Moreover, the type T
is fully specified upon construction of a zip
instance as indicated by the __new__
return type annotation.
The key point however is that the arguments taken by __new__
are annotated as Iterable
. Those are generic over only one type argument. In this example the first iterable is generic over type argument T1
and the second over T2
. The type argument to the resulting zip
is then a tuple[T1, T2]
.
This is totally fine, when our iterables are in fact of a "consistent" type. Take the following example:
a = (1, 2)
b = ("1", "2")
x, y = zip(a, b)
reveal_type(x)
reveal_type(y)
Not sure how this is done with Pylance, but the reveal_type
statements cause mypy
to note the following:
note: Revealed type is "Tuple[builtins.int, builtins.str]" note: Revealed type is "Tuple[builtins.int, builtins.str]"
Makes sense, considering a
and b
are of type tuple[int, int]
and tuple[str, str]
respectively, which in turn is generalized to Iterable[int]
and Iterable[str]
when passed to the zip
constructor and there turned into the type argument tuple[int, str]
for the values returned by the iterator.
But what happens, if we change the setup just slightly:
a = (1, "2")
b = ("1", 2)
x, y = zip(a, b)
reveal_type(x)
reveal_type(y)
Now we get the following from mypy
:
note: Revealed type is "Tuple[builtins.object, builtins.object]" note: Revealed type is "Tuple[builtins.object, builtins.object]"
To be clear, the type of a
and b
is still correctly inferred to be tuple[int, str]
and tuple[str, int]
. But when those tuples are passed to zip
it looks at their type arguments and it needs to join them because it is defined on iterables of one type argument.

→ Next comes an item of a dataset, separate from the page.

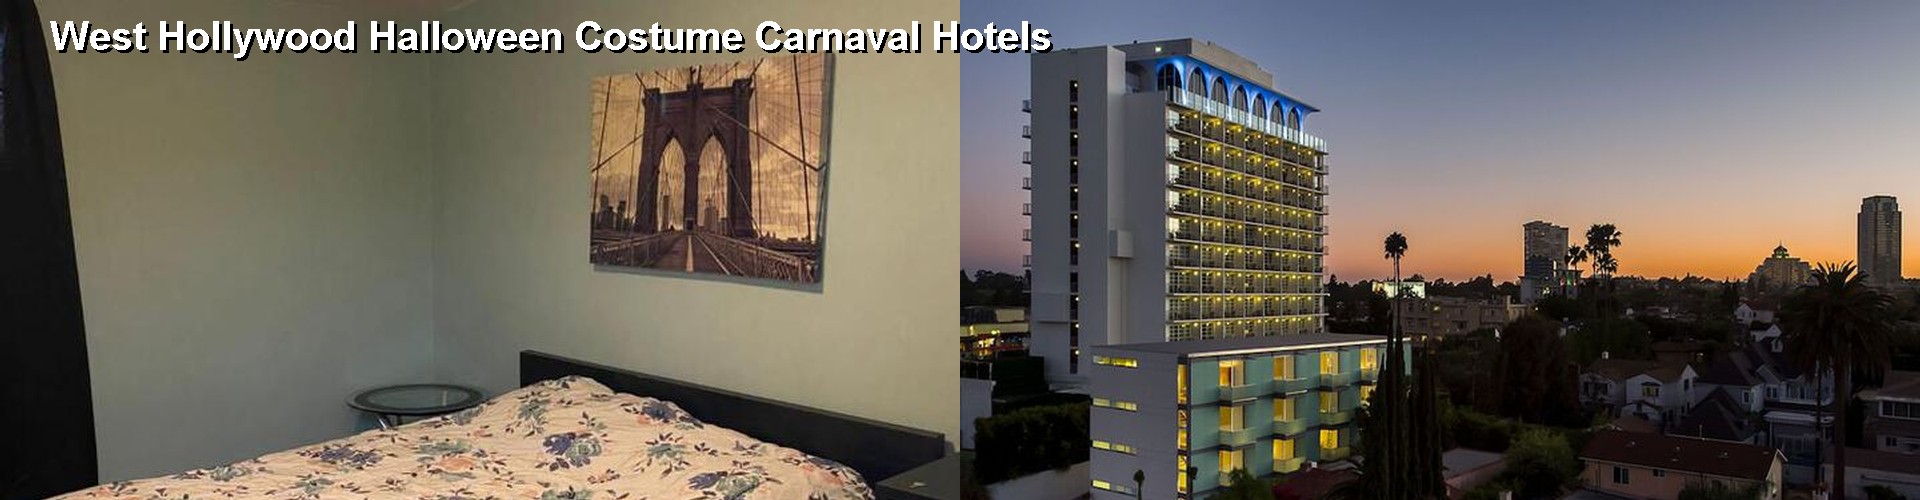 5 Best Hotels near West Hollywood Halloween Costume Carnaval

And as you can see, int
and str
have only object
as their closest common base.
So the iterables are seen as containing object
, which then gives us the zip[tuple[object, object]]
.
Pylance seems to use unions instead of joins to find the type of those iterables, which is why you get that notice about the zip
iterator yielding tuple[int | str]
. Might be arguably the better approach compared to that of mypy
, but still unsatisfactory for your purposes. But I hope you see that the fundamental issue here is the same.
Tuples are special in that they are generic over a variable number of type arguments. The reasoning is supposedly that they are of fixed length and you can therefore very precisely parameterize them. Something like a list
can be changed in length and iterators don't even have a concept of length; they can potentially yield elements forever. So it seems reasonable to only give them one type parameter.
The problems arise, when we need to view a tuple
as an Iterable
. And I see no way around that.
As for how to proceed for you, this depends on what the actual use case is. The simplest way based on your minimal example would obviously be a type: ignore
at the moment of unpacking the zip
:
test_list: list[tuple[int, str]] = [(1, 'testa'), (2, 'testb')]
a: tuple[int]
b: tuple[str]
a, b = zip(*test_list) # type: ignore[assignment]
If you are actually dealing with functions and your setup is more involved, maybe there are other ways around this problem. If you elaborate, maybe we can work something else out. Other than that, there is no shame in using duly considered type: ignore
s in your code, when you hit the limits of the available typing system.